Aim of the task
An exact reproduction of the listing is wanted, with the pictures dropped.

Dataset extract
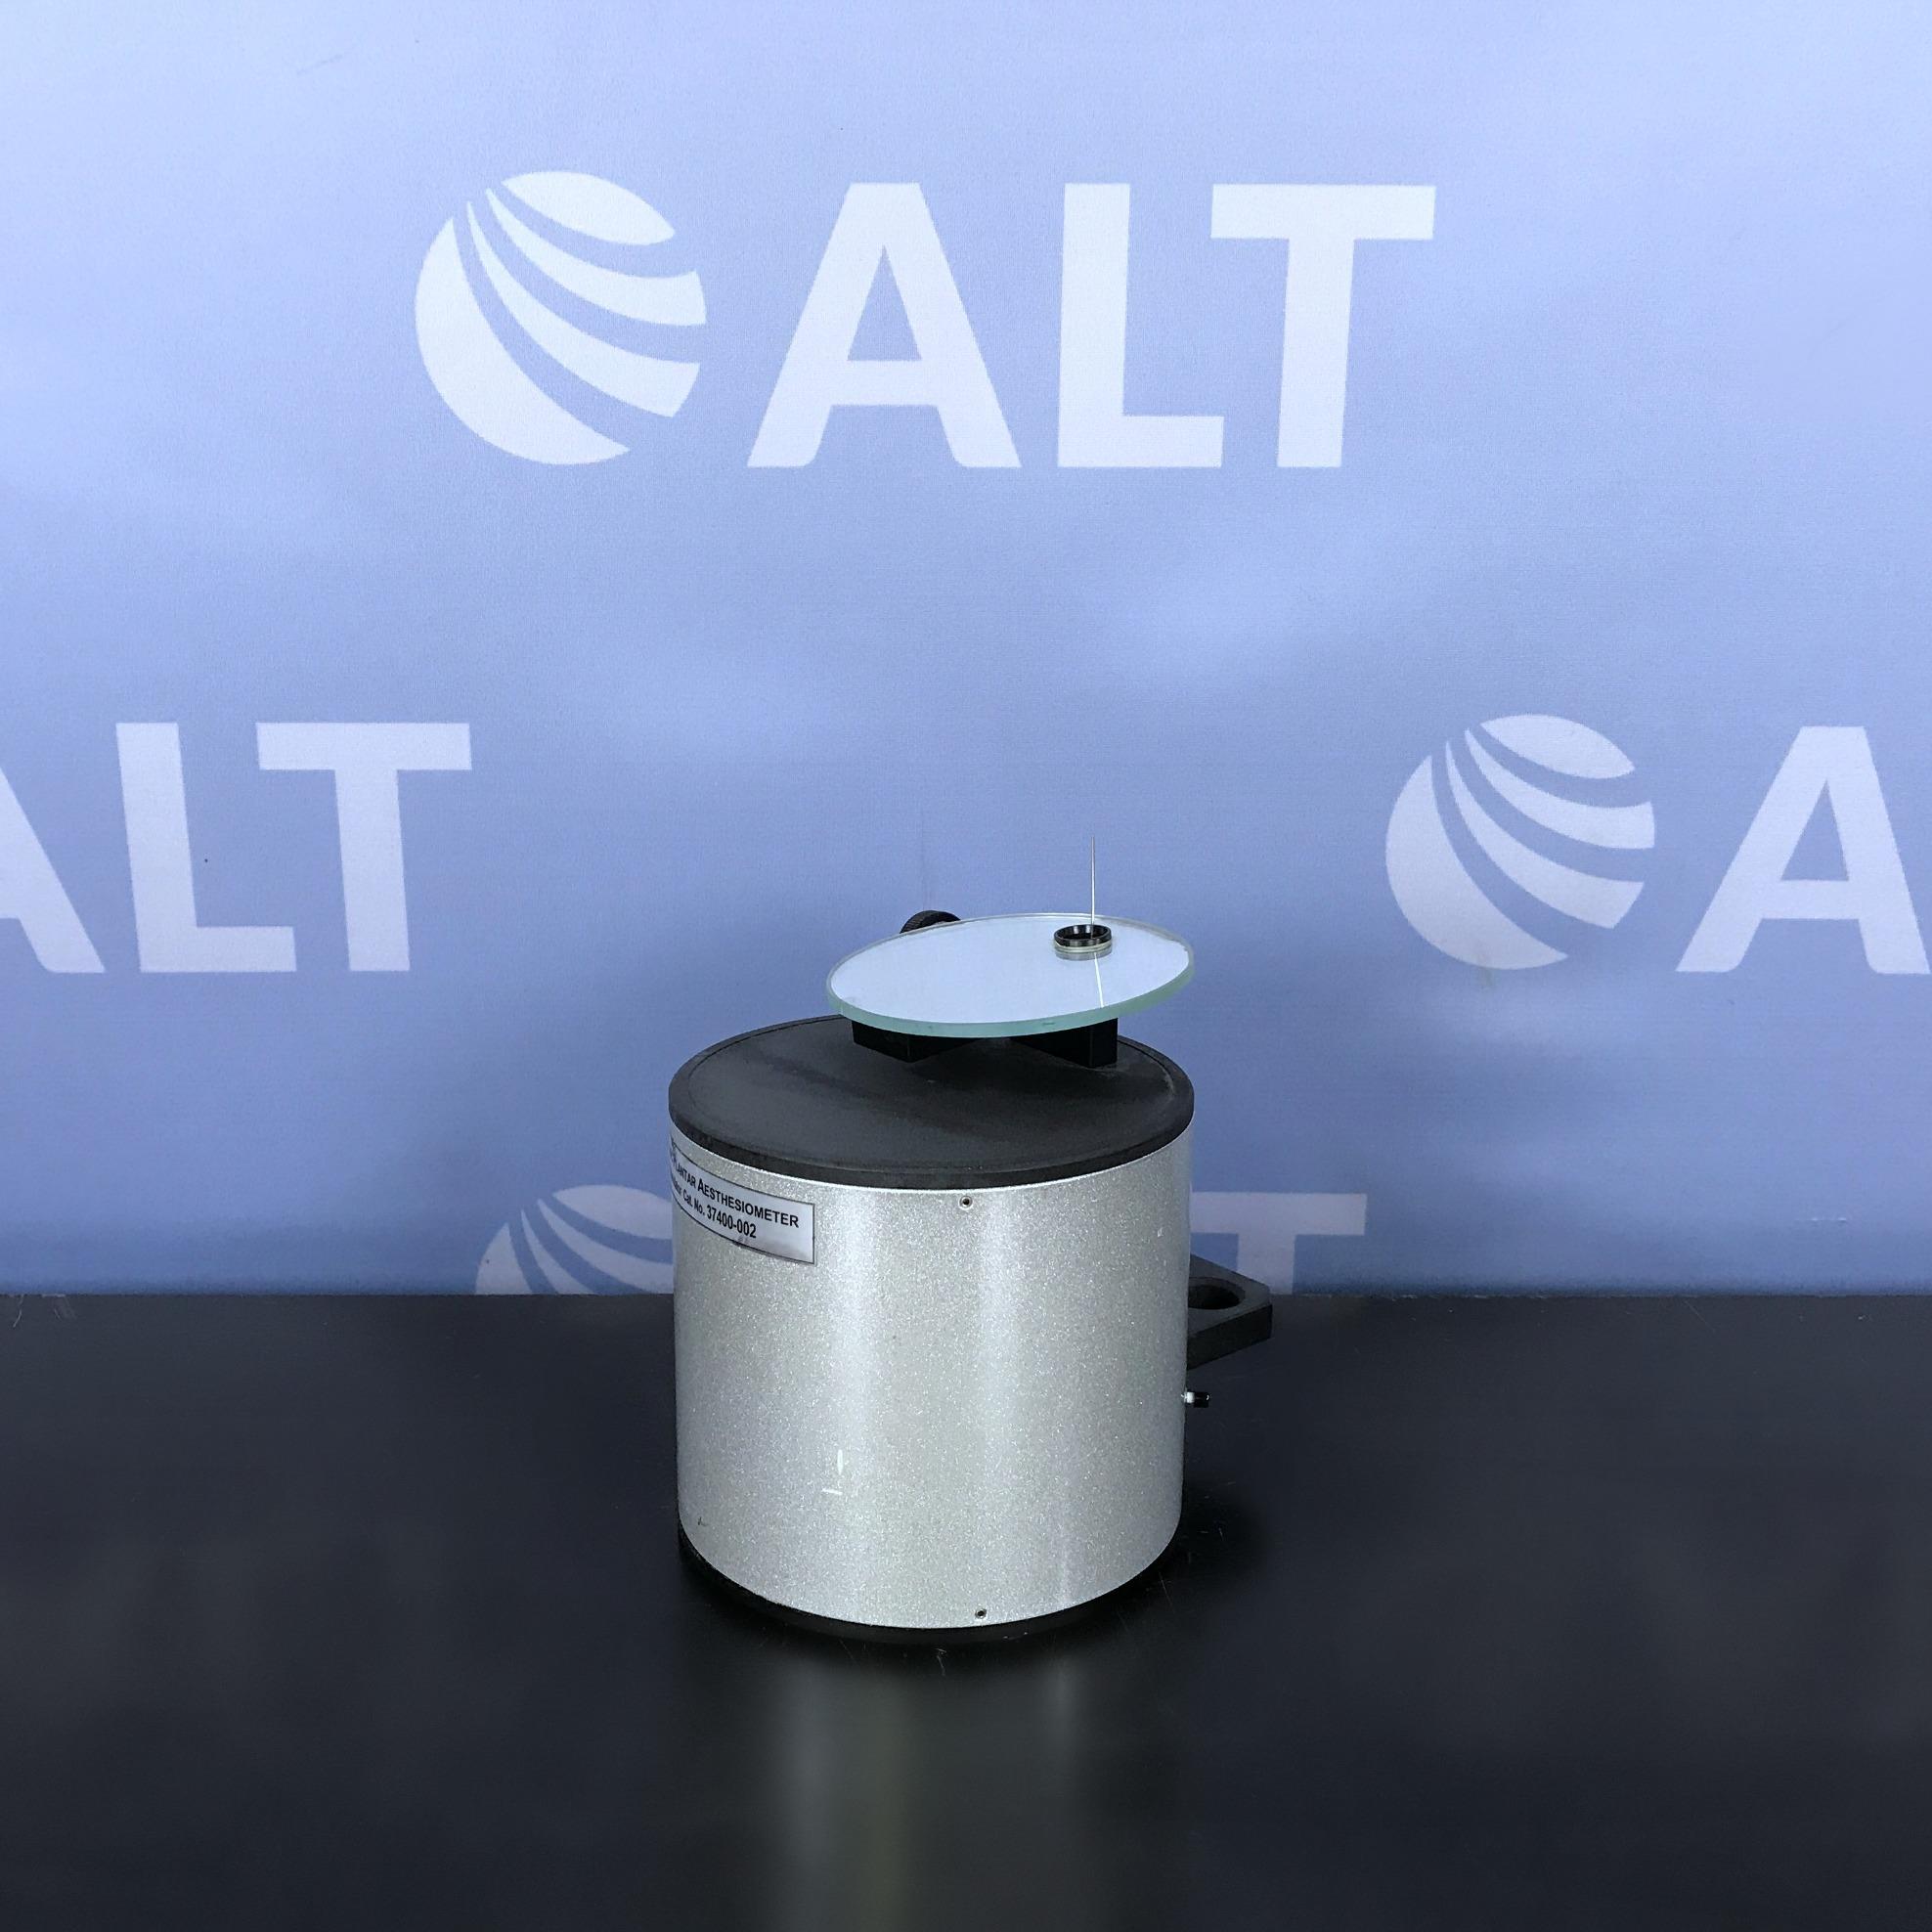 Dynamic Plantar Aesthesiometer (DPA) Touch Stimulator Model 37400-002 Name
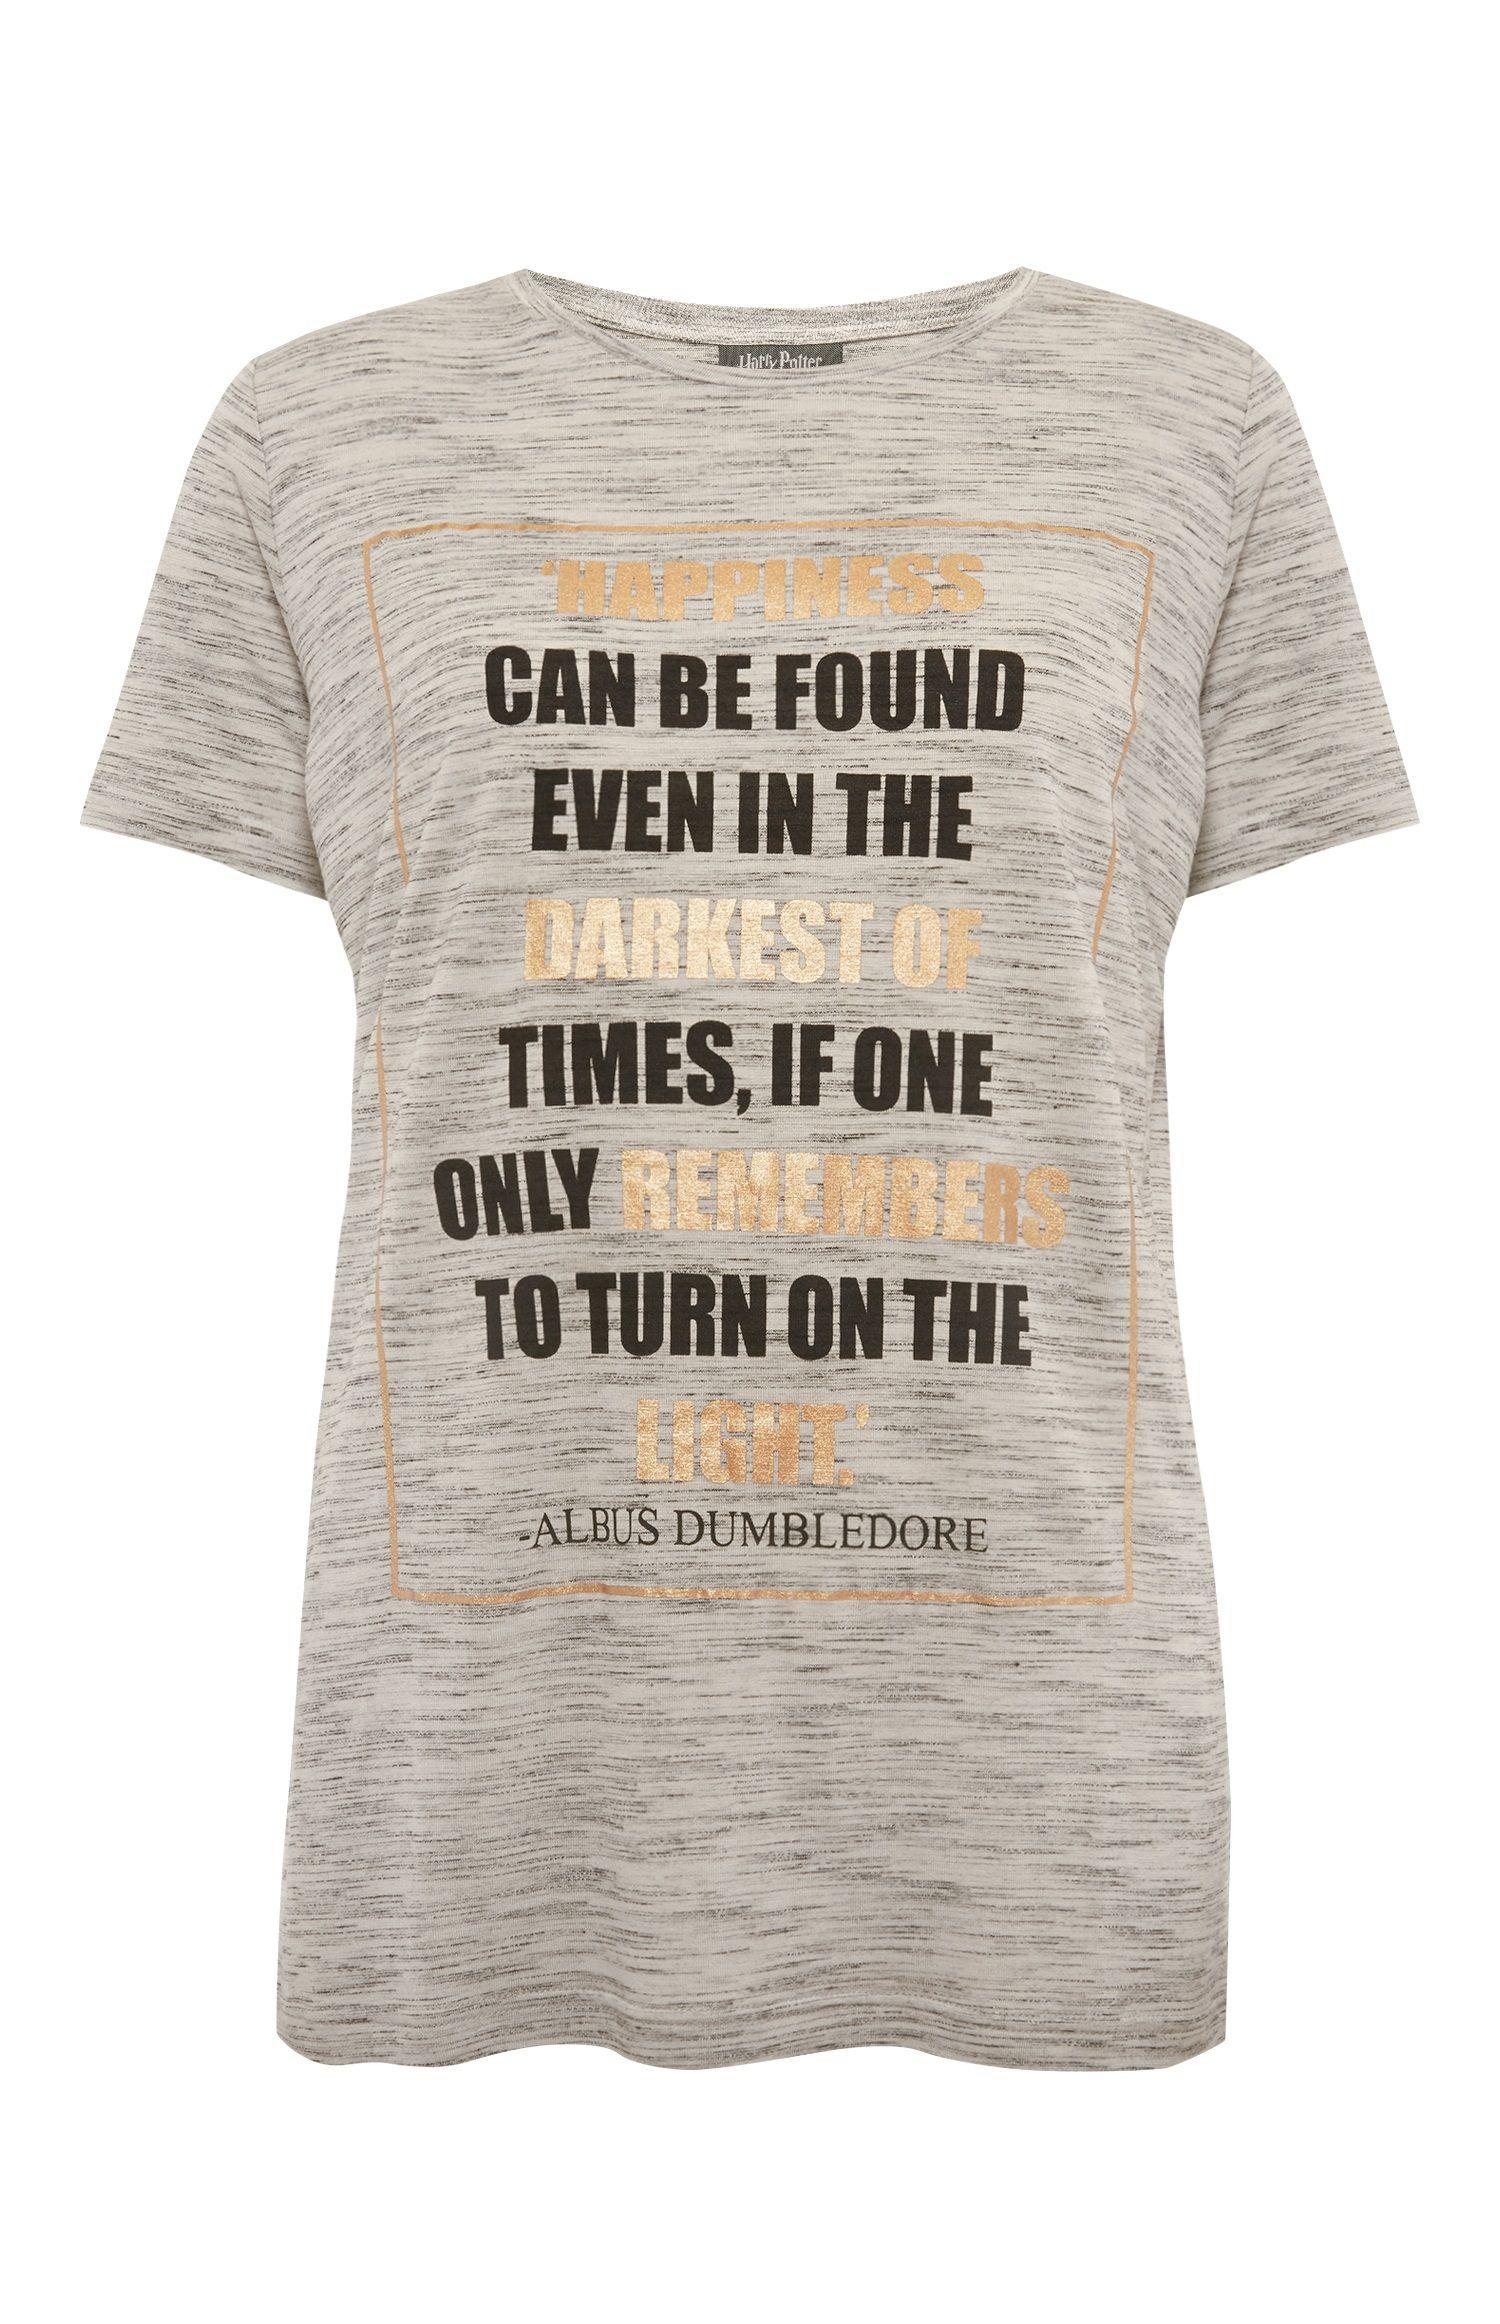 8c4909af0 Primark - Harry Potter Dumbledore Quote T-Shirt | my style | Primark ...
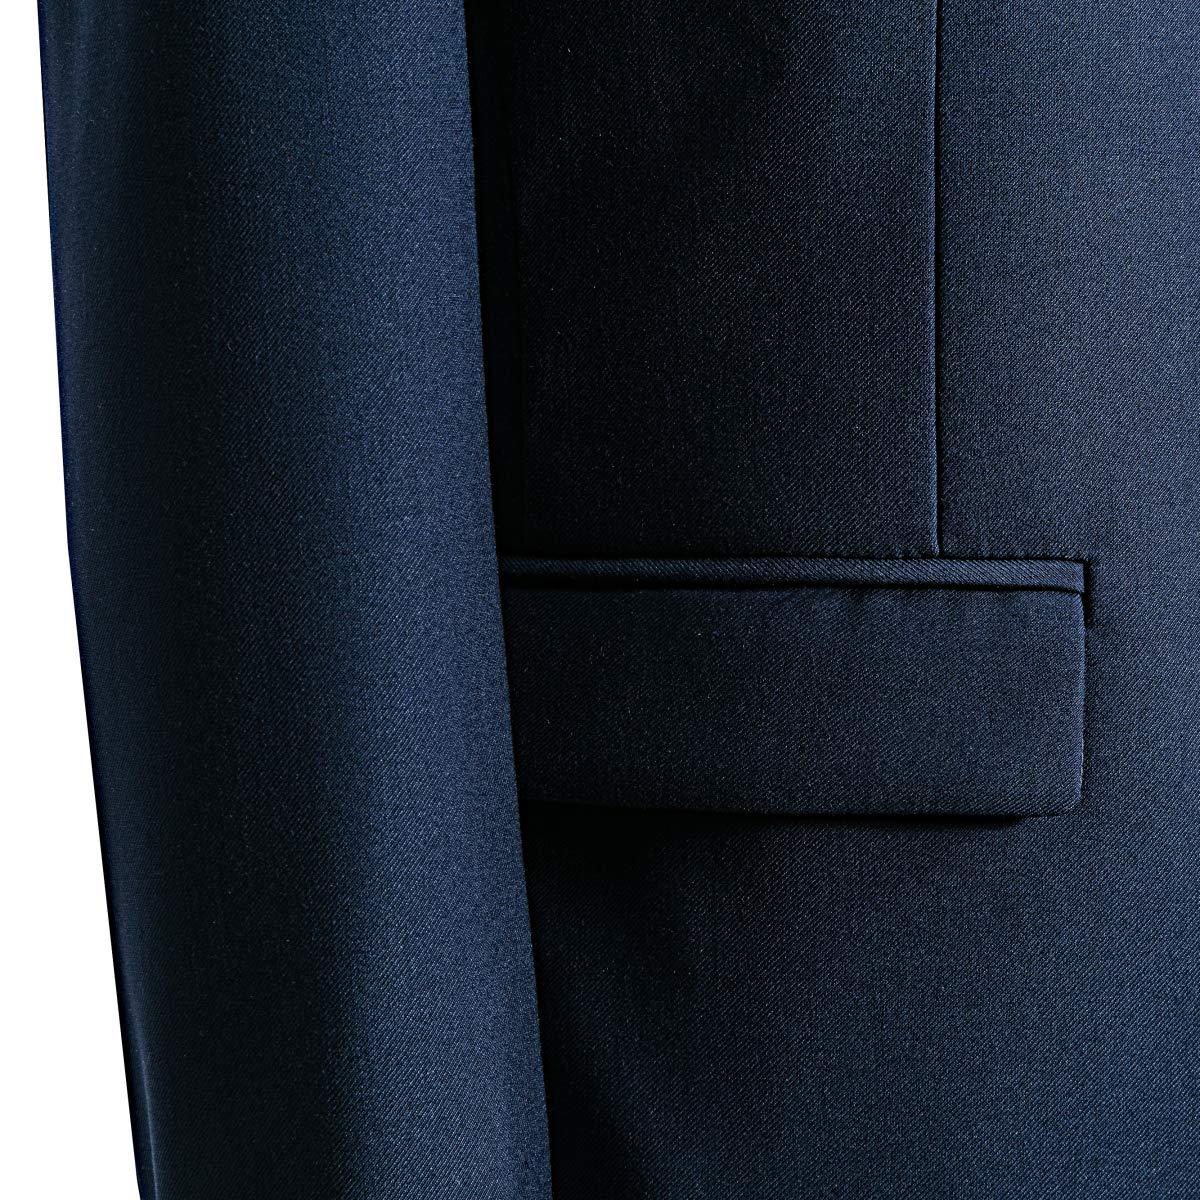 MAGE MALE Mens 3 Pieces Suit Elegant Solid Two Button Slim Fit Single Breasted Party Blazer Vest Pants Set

Task solution
 Dynamic Plantar Aesthesiometer (DPA) Touch Stimulator Model 37400-002 Name
 8c4909af0 Primark - Harry Potter Dumbledore Quote T-Shirt | my style | Primark ...
 MAGE MALE Mens 3 Pieces Suit Elegant Solid Two Button Slim Fit Single Breasted Party Blazer Vest Pants Set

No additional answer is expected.